- Volkmann's ischemic contracture
Compartment syndrome occurs when blood supply is dramatically reduced to muscles in a closed body space, known as a compartment. Compartments are found in the hand, forearm, upper arm, abdomen, buttock, and leg. The muscles most frequently involved are those on the front of the lower leg or the palm side of the forearm.
What is going on in the body?
A muscle group is surrounded by a tough, fibrous membrane called the fascia. Small blood vessels supply the muscle with oxygen and other essential nutrients. Insufficient blood supply to tissues and compartment syndrome can occur if:
- the muscle compartment size is reduced, as when a cast is too tight
- the muscle compartment contents are increased, such as by swelling or bleeding associated with injury
If the affected muscles are deprived of blood supply for more than 6 hours, nerve and muscle tissue can be permanently damaged or destroyed.
What are the causes and risks of the condition?
Some common causes of compartment syndrome include:
- bleeding, from a bone fracture
or other injuries
- casts applied to treat bone fractures or other abnormalities
- a crush injury
- intense exercise
- leaking of intravenous fluid or injections into the compartment
- repeated use of a muscle group
that involve the muscles in the compartment
- swelling of the muscle itself
What can be done to prevent the condition?
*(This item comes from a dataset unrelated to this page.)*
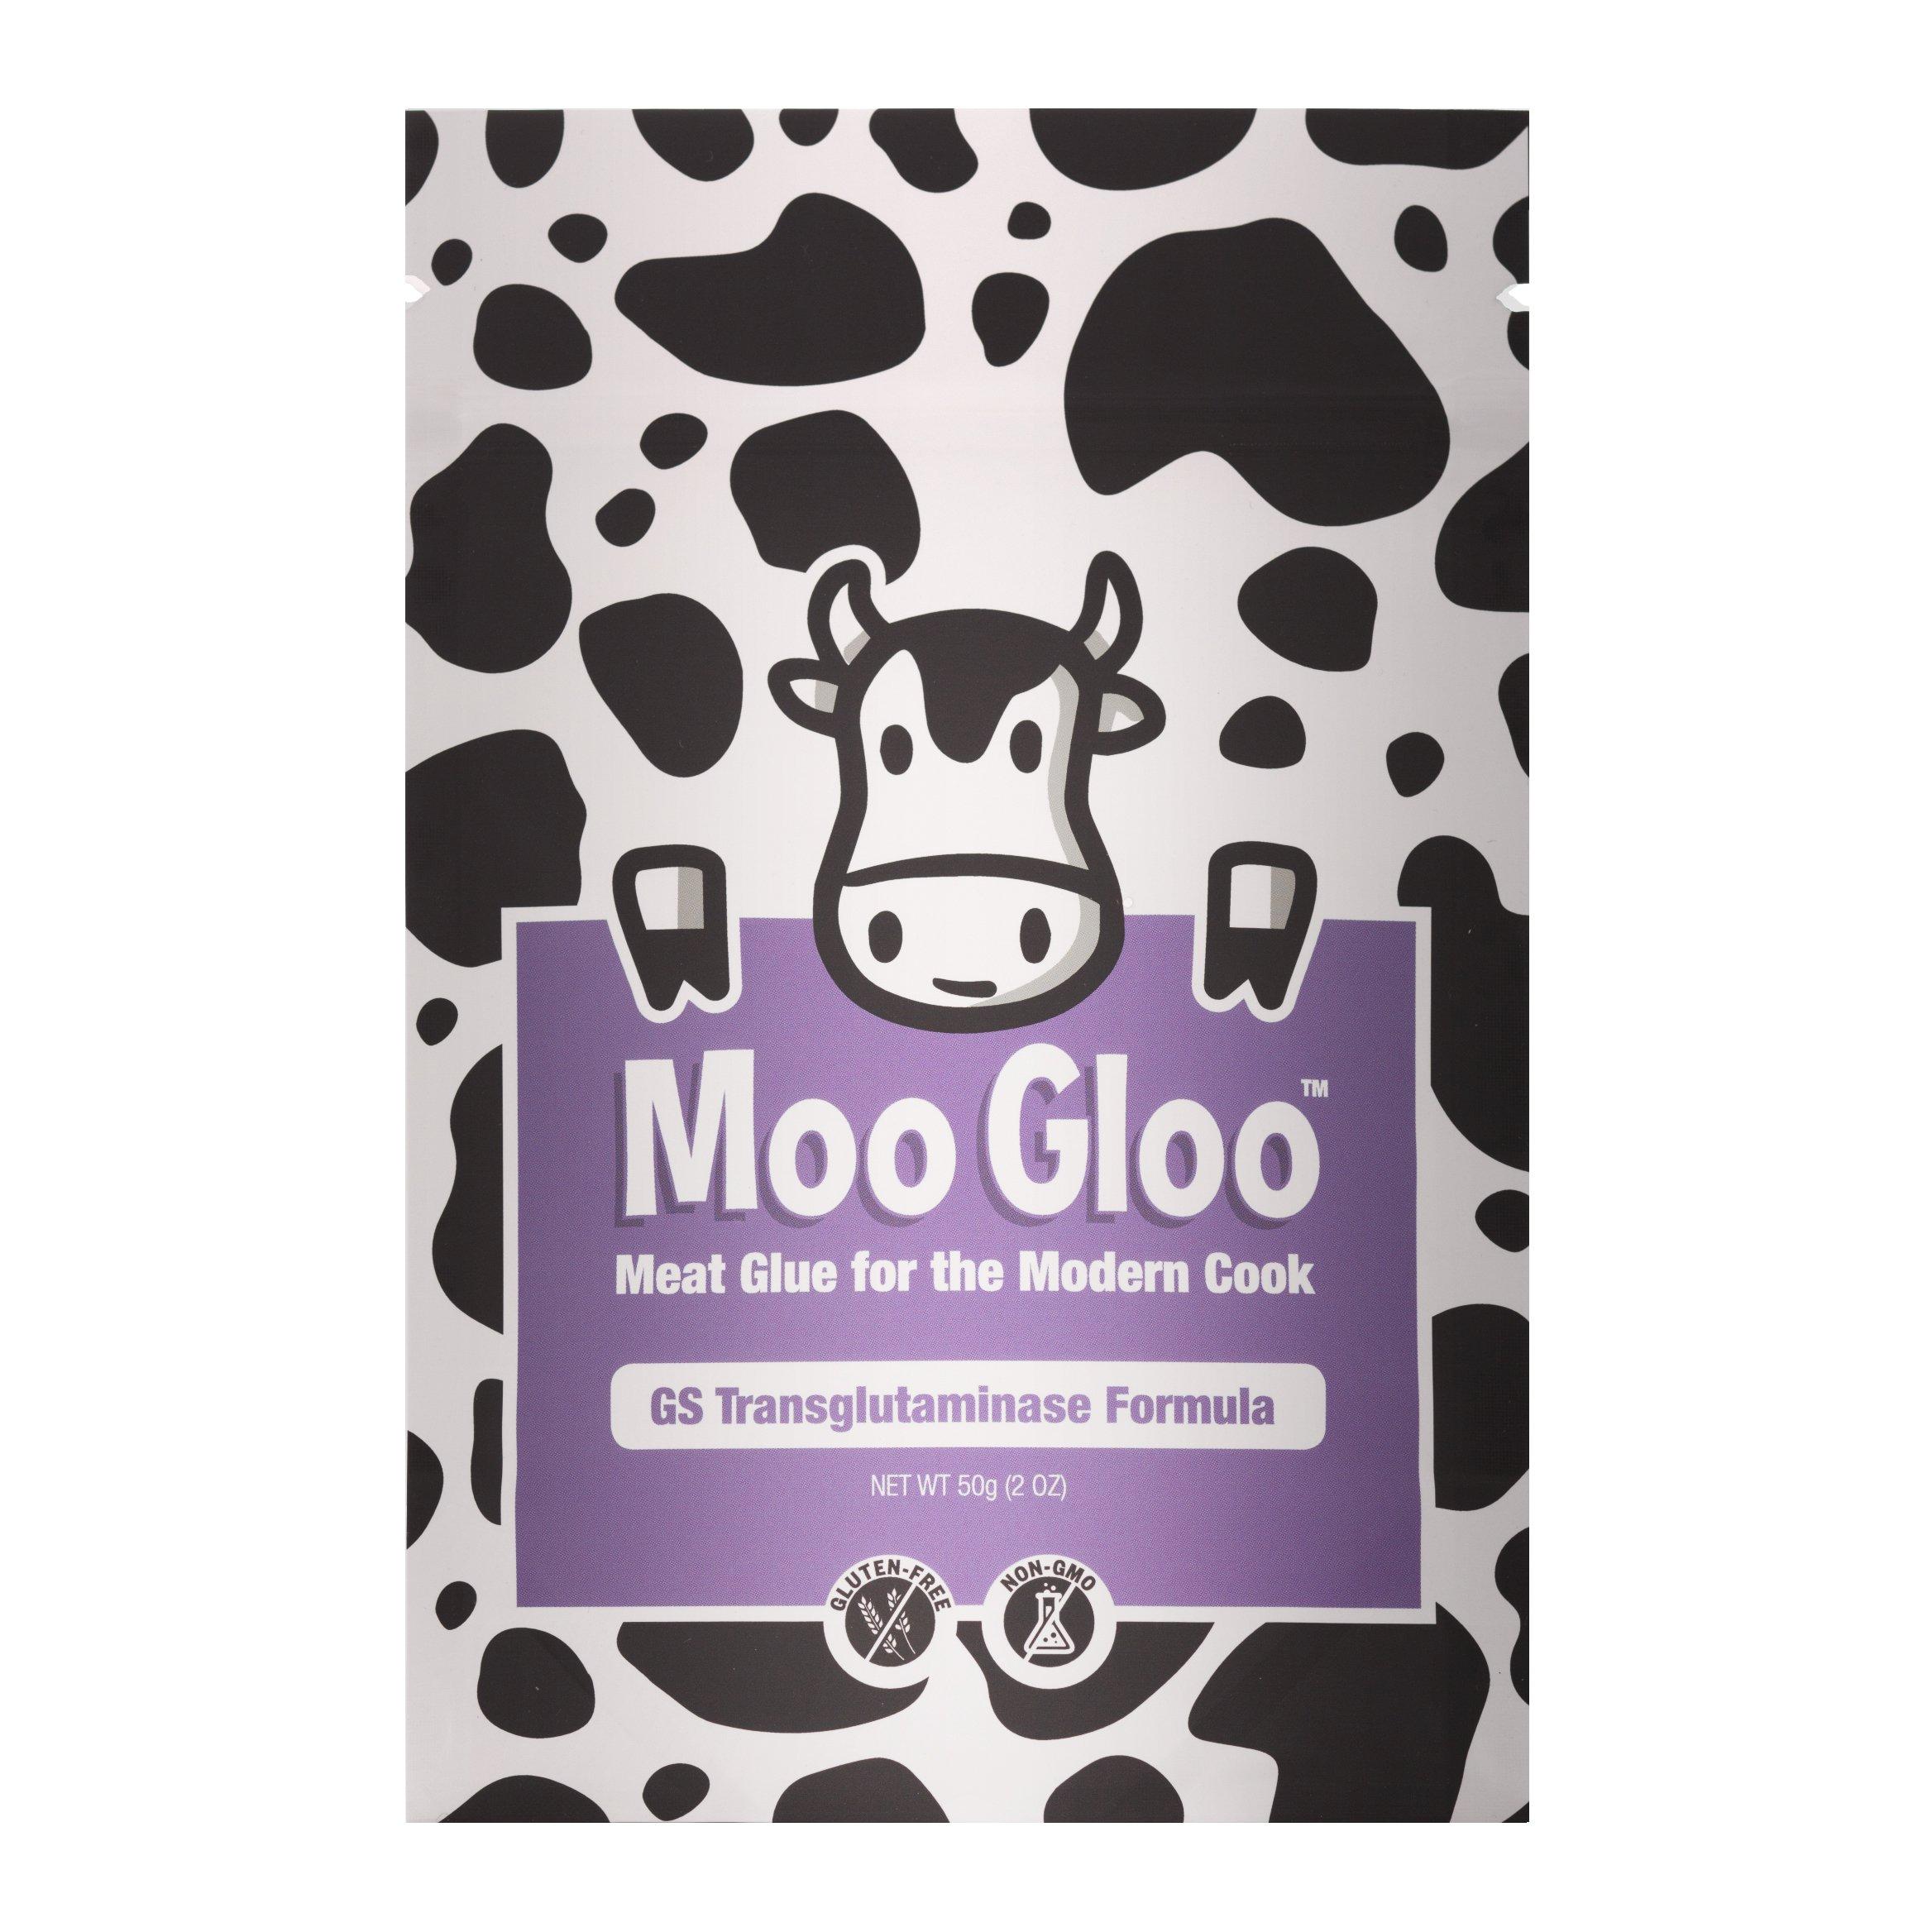 Moo Gloo Value Pack - Transglutaminase - Meat Glue - 150g/6oz. (Bundle with 3 items) by Moo Gloo (Image #3)

Acute compartment syndrome can sometimes be avoided by early stabilization of a fracture. This may involve splinting, elevating the injured limb on a pillow, and applying ice to reduce swelling.
If a person has a cast, circulation to the area below the cast needs to be checked frequently. If circulation is impaired or the person has severe pain, the healthcare professional may choose to cut the cast to relieve pressure.
How is the condition diagnosed?
Diagnosis of compartment syndrome begins with a medical history and physical exam. The raised pressure within the compartment can be measured with specialized instruments.
Long Term Effects
What are the long-term effects of the condition?
If compartment syndrome is untreated, death of the muscles can occur. Muscles can become inactive and excessively tight. Toes or fingers may become fixed in a curled position with permanent numbness. Severe tissue death may lead to the need for amputation of the affected limb.
What are the risks to others?
Compartment syndrome is not contagious and poses no risk to others.
What are the treatments for the condition?
Diagnosis must be made accurately and promptly to assure a good outcome. Initial treatment consists of elevating the limb above the level of the heart. If a cast has been applied, it is removed.
In more severe cases, a surgical procedure known as a fasciotomy may be used to open the membrane leading to the affected muscles. Pressure is relieved, and the blood flow can return to normal. Often the skin needs to be left open for a few days. It can be closed with sutures or a skin graft after the swelling goes down.
What are the side effects of the treatments?
Surgery can be complicated by bleeding, infection, or reactions to anesthesia. The muscle and nerves may not return to normal after recovery.
What happens after treatment for the condition?
A scar may appear where the skin was left open following surgery.
How is the condition monitored?
Any new or worsening symptoms should be reported to the healthcare professional.